- **SUPPLIED DATA**
########################################
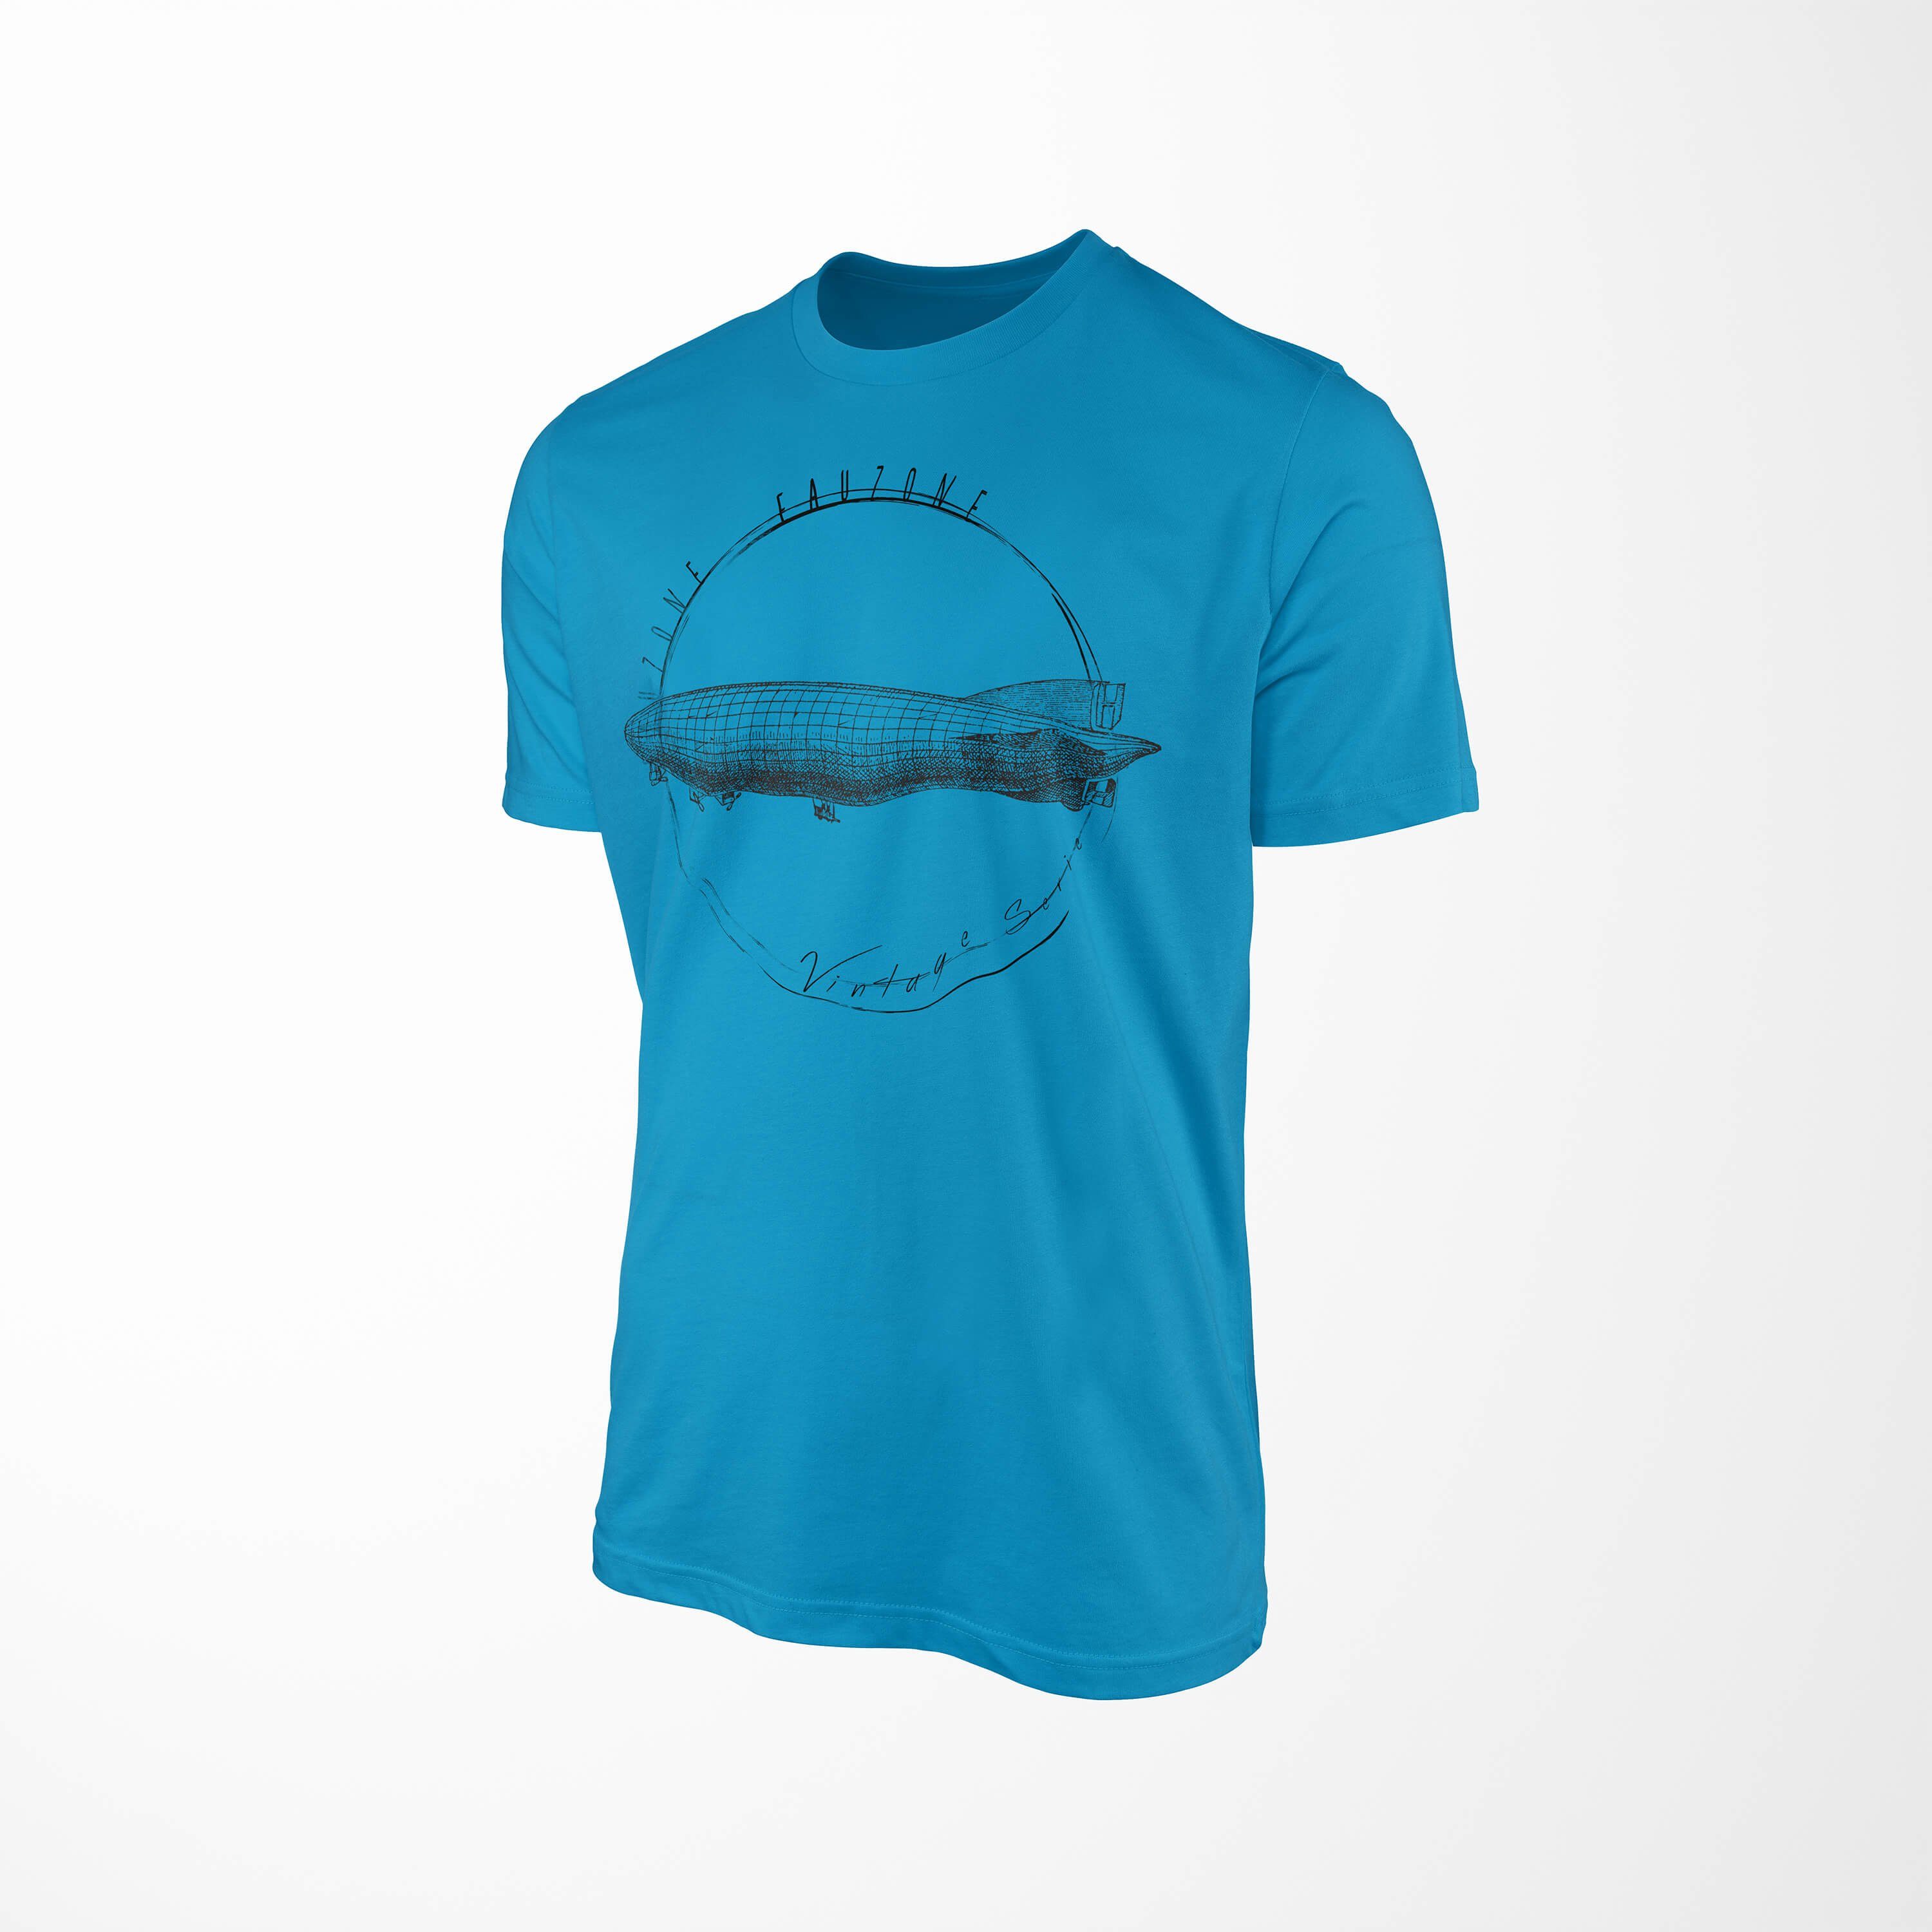 Vintage Art Sinus T-Shirt Herren Atoll Zeppelin T-Shirt
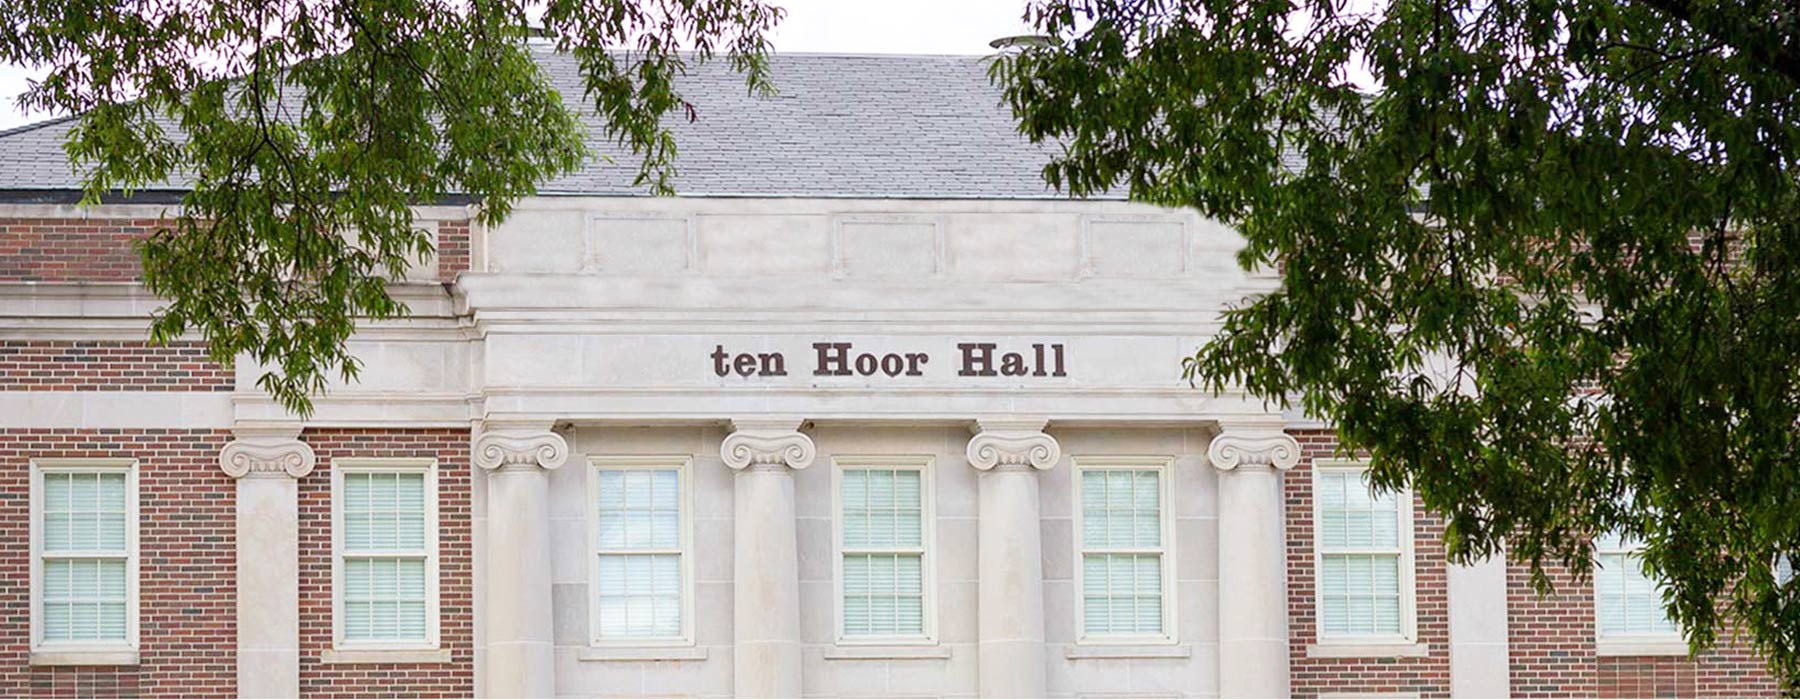 ten Hoor Hall, home of the UA Department of Philosophy
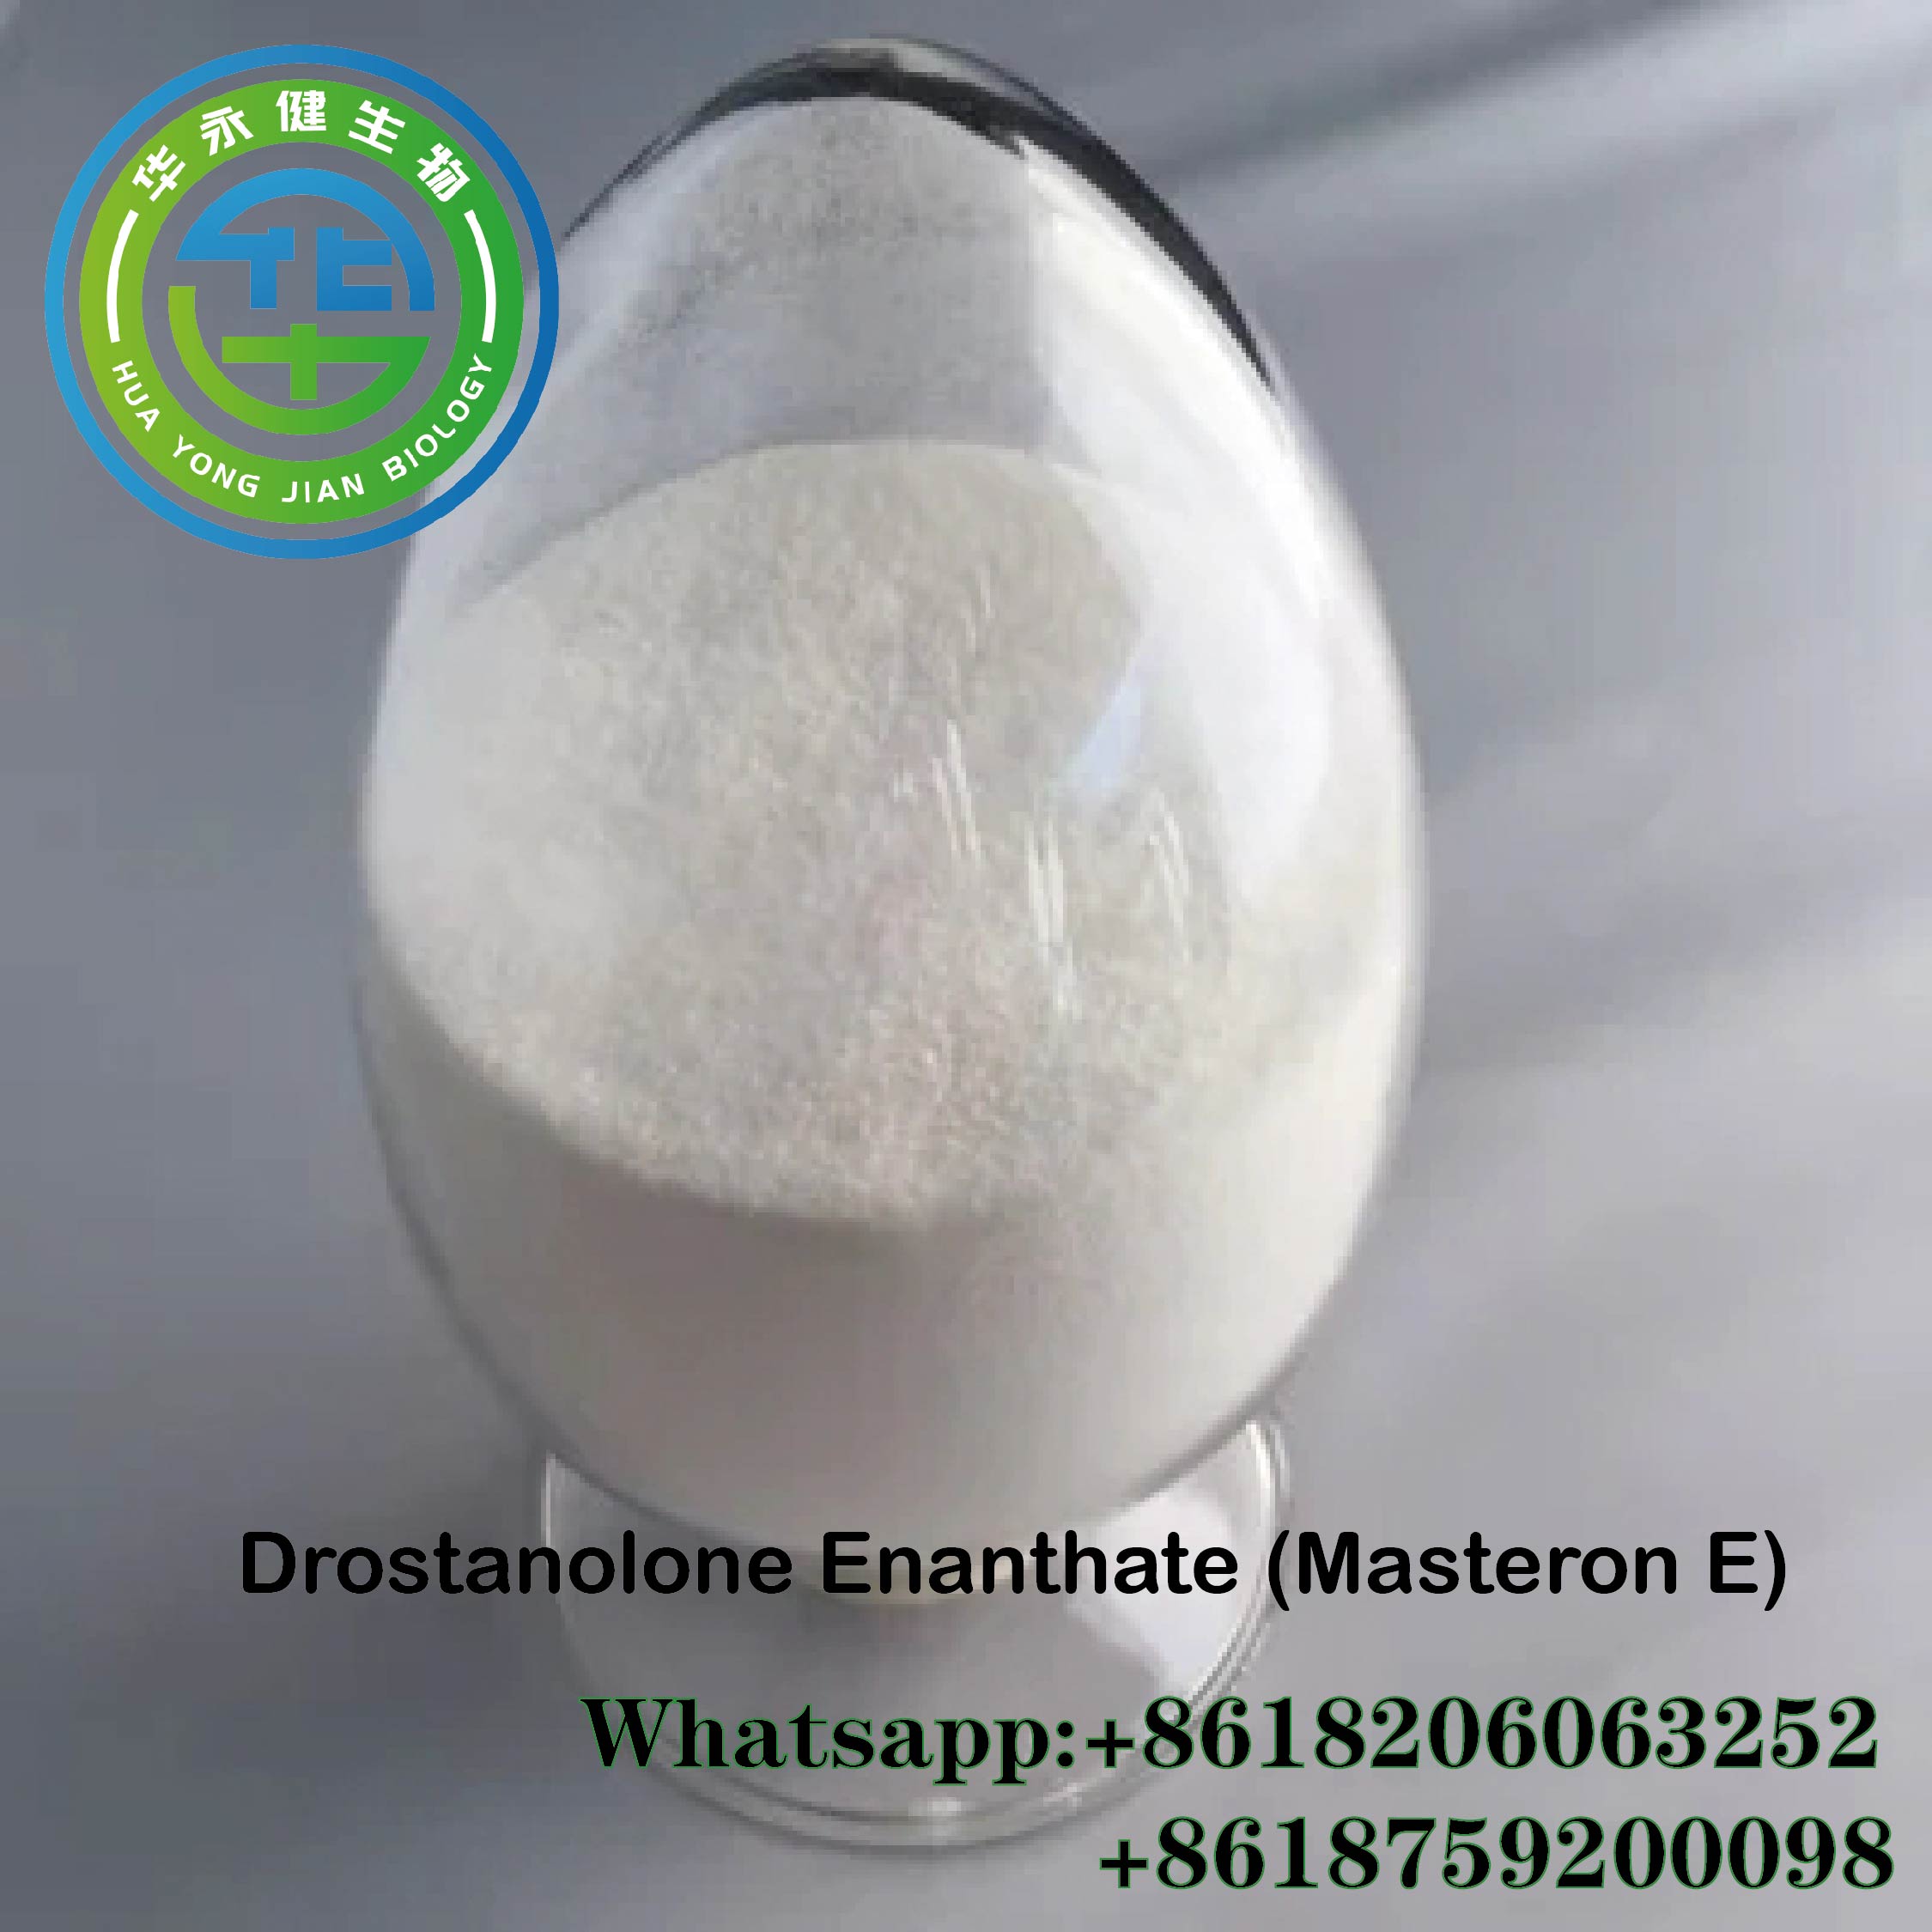 ड्रॉस्टॅनोलोन एनॅन्थेट पावडर डीई लीगल मास्टरॉन ई स्टिरॉइड फॉर मसल गेंस CasNO.303-42-4 वैशिष्ट्यीकृत प्रतिमा
########################################
- **YOUR ASSIGNMENT**
Would you transcribe all of the data exactly, apart from its pictures?

- **WRITTEN SOLUTION**
 Vintage Art Sinus T-Shirt Herren Atoll Zeppelin T-Shirt
 ten Hoor Hall, home of the UA Department of Philosophy
 ड्रॉस्टॅनोलोन एनॅन्थेट पावडर डीई लीगल मास्टरॉन ई स्टिरॉइड फॉर मसल गेंस CasNO.303-42-4 वैशिष्ट्यीकृत प्रतिमा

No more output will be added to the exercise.